It took a couple of minutes and the aroma of fresh brew to get my mom out of bed. She was bleary-eyed but not ungracious to our unexpected company as she joined us in the living room.
“Good morning, Officers,” she said. “Hope you don’t mind if I sit?”
“Of course,” they both said in unison. In the kitchen the coffeepot sputtered, and I used it as an excuse to slink out of the room. I had to get out of there. I felt like I was suffocating. Mom was about to put the final nail in our Pandora’s box of secrets. After she lied to the police about what we did, there would be no going back. I reminded myself that our hand had been forced, and that I didn’t want her to tell, nothing good would come of it.
“Any details you can remember . . .” I heard one of them say as I opened the cupboard to forage for cups.
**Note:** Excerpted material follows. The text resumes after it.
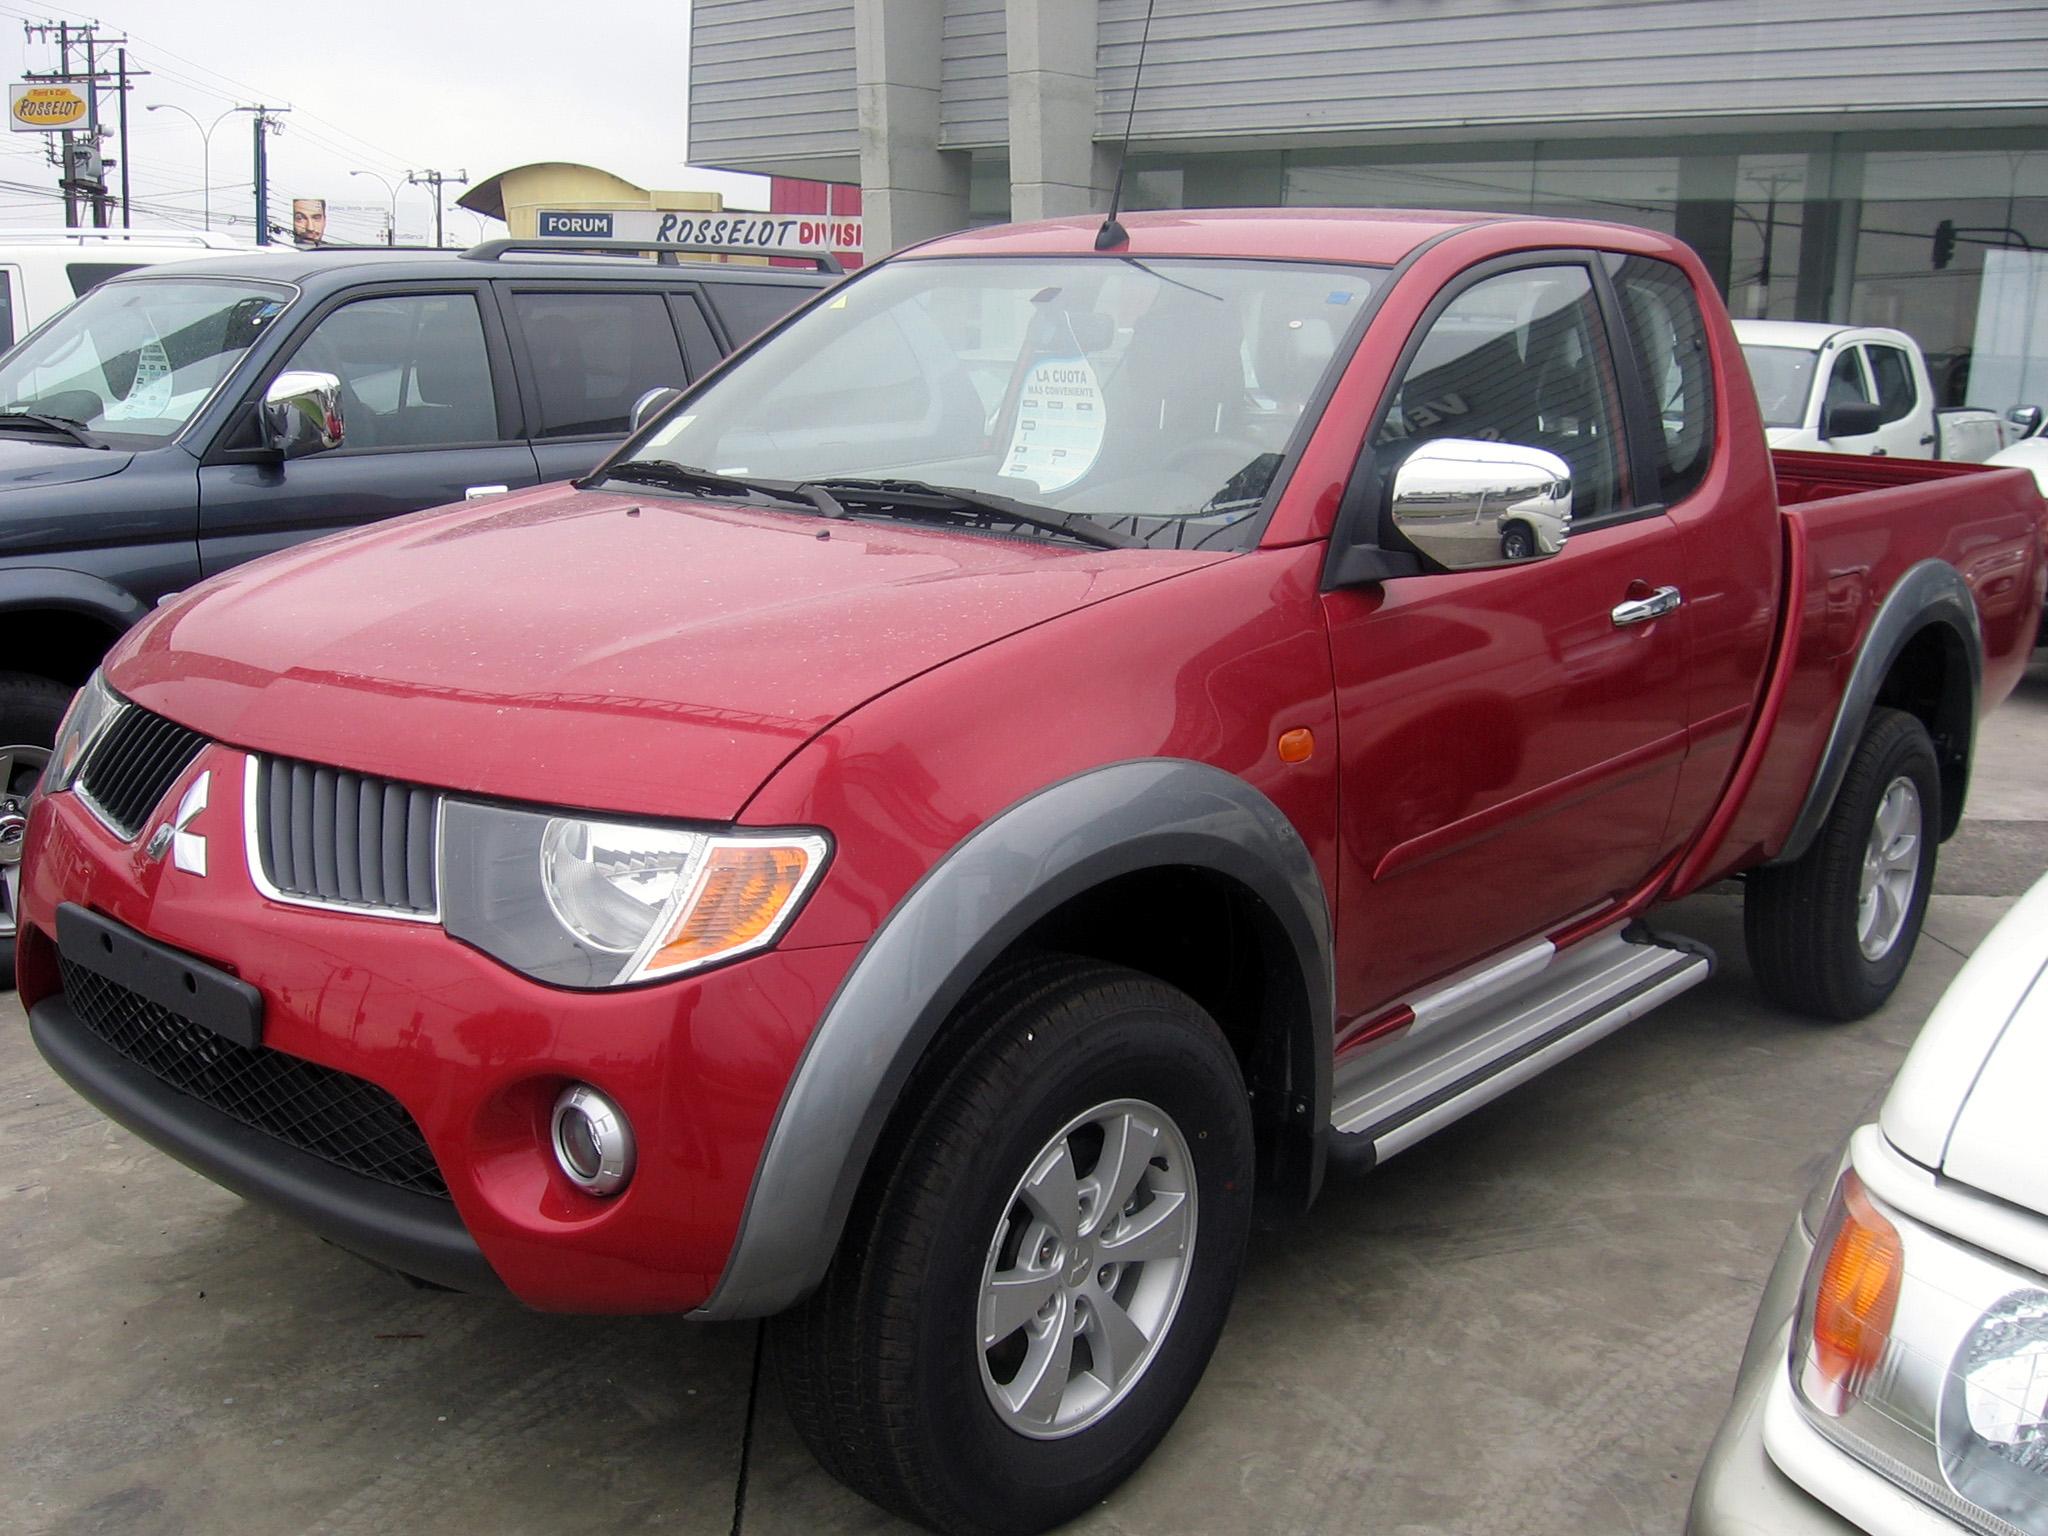 File:Mitsubishi L200 Dakar Club Cab 2008 (15800423742).jpg ...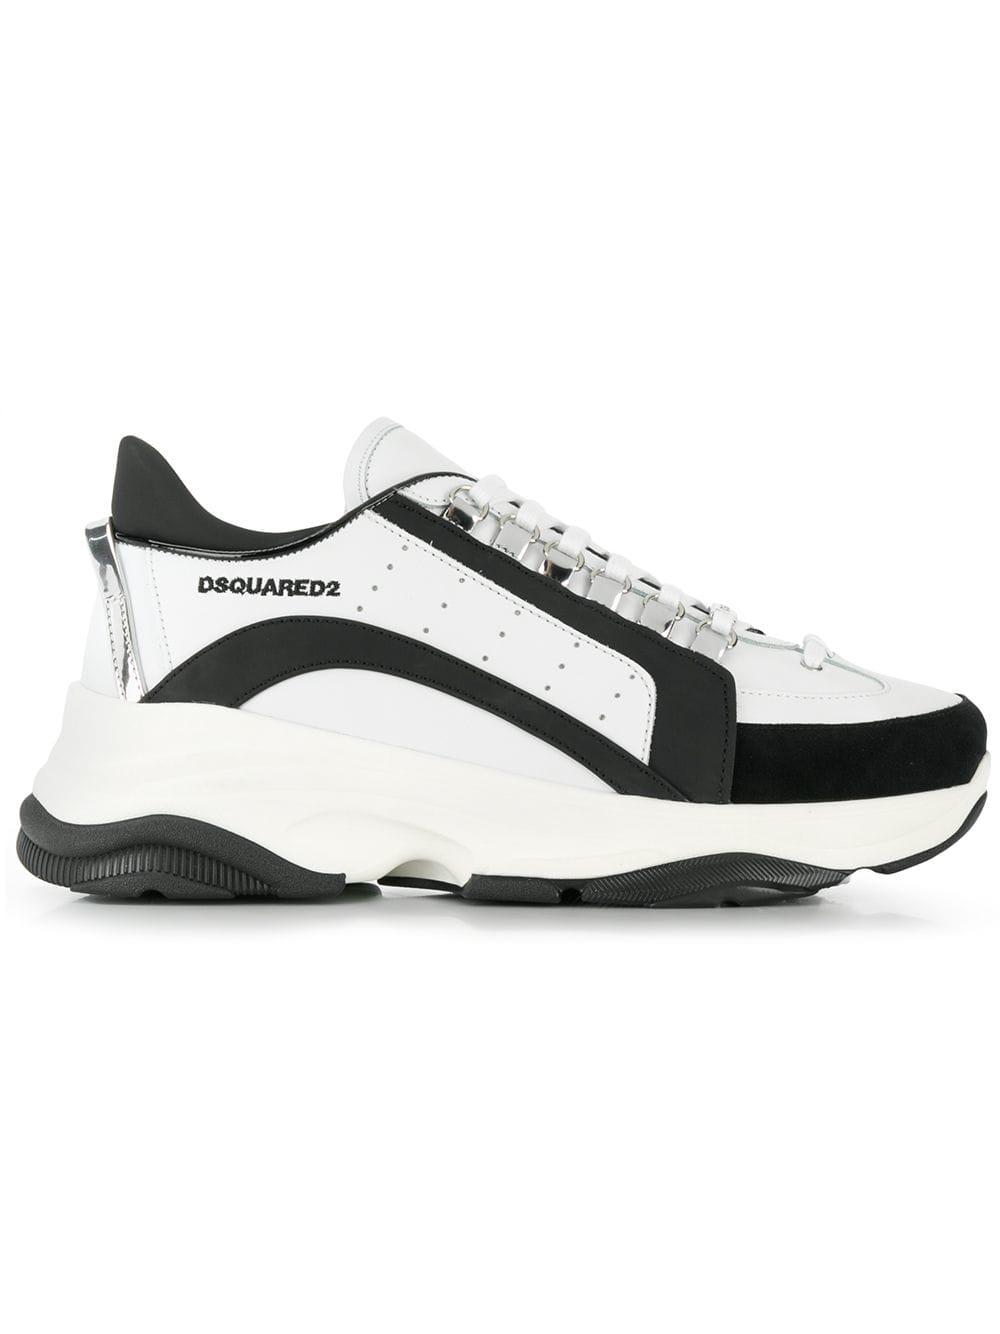 04ee97043fd Bumpy 551 Sneakers - DSQUARED2 - Russocapri

I suddenly realized I had no idea what she would say. We hadn’t talked about how to handle questions from the police, or any of it, really—how else we could have survived without Dad, what we would do if we got caught. I never asked her if she wanted to go through with it, because what if she didn’t? Would I try to change her mind? I didn’t want to be broke. I didn’t want to be pitied. And more than anything, I didn’t want to go back to my old school. The thought of facing all those tears and hugs and Oh my God, I am sooooo sorrys was enough to make me want to hurl.
My teachers had already told me I could take my tenth grade finals at home, and excused me from all remaining assignments. So once my mom moved back home, I cleaned out my locker and said goodbye to my friends. I didn’t know I’d never see them again, but even if I had, I wouldn’t have cared. I hated that place. I wanted to be at a school where you didn’t have to keep your head down when you walked through the halls. I wanted to go somewhere with a real track-and-field program, one that had locker rooms with working showers. I wanted to be with people who wanted something more out of school than to just get through. I wanted friends who didn’t have to work every weekend and could hang out. And I wanted a boyfriend. A guy from a good family, who could afford to take me out and had a car to drive me home.
But more than all those things I wanted, there was one thing I didn’t want—to be the girl whose dad died.
I didn’t want people to look at me with that “poor you!” half smile. I didn’t want to spend the next two years ducking Principal Price, who I’d cried all over and would never be able to look in the face again. I didn’t want anyone to start a GoFundMe page or bring us hand-me-downs or a lasagna. I didn’t want to be talked about, pitied, stared at, coddled, or avoided. I didn’t want to have to assure people I was going to be OK, because some days I might not be. I didn’t want to have to start every conversation with someone saying sorry about your dad, or hate them for not saying it. People would say they didn’t bring it up because they didn’t want to “remind” me—as if I wasn’t going to be thinking about him every damn minute of every damn day for the rest of my life.
I wanted to move forward. But more than that, I didn’t want to go back.
I fished the milk out of the fridge, then smelled it to make sure it hadn’t turned. With just two of us in the apartment, perishables sat a lot longer now. I had already thrown out a pound of deli meat, a half dozen tomatoes, two avocados, and a hunk of moldy cheese.
“I’m sorry, but it’s all just a blank,” I heard Mom say as I opened the cutlery drawer. I was just about to fish for a spoon when the detective asked a question that stopped me cold.
“Do you know what this cord was for?”
Out of the corner of my eye, I saw Plainclothes pinching a power cord between his finger and thumb. The one for the dashcam. My hand hovered above the teaspoons as I waited for Mom to answer.
“Is it for a cell phone?” Mom asked.
“No, not for a cell phone,” Kellogg said. “It’s a barrel connector, phones use USB.” Plainclothes stepped forward to show it to her. She looked at it and shrugged.
“I’m not much of a tech person,” Mom said, and that was true. When Dad showed her the dashcam, she had just rolled her eyes and called it a “ridiculous waste of money.” And at the time I had agreed.
“Did you have a nav?” Kellogg asked. Mom shook her head no.
“I always just used my phone.” And that was also true.
“What about a dashcam?” the detective asked.
The coffee maker gurgled as the last drops of french roast dribbled into the pot. This was her chance to tell all, get justice for Dad. I squeezed my eyes shut as I waited to hear if she was going to take it.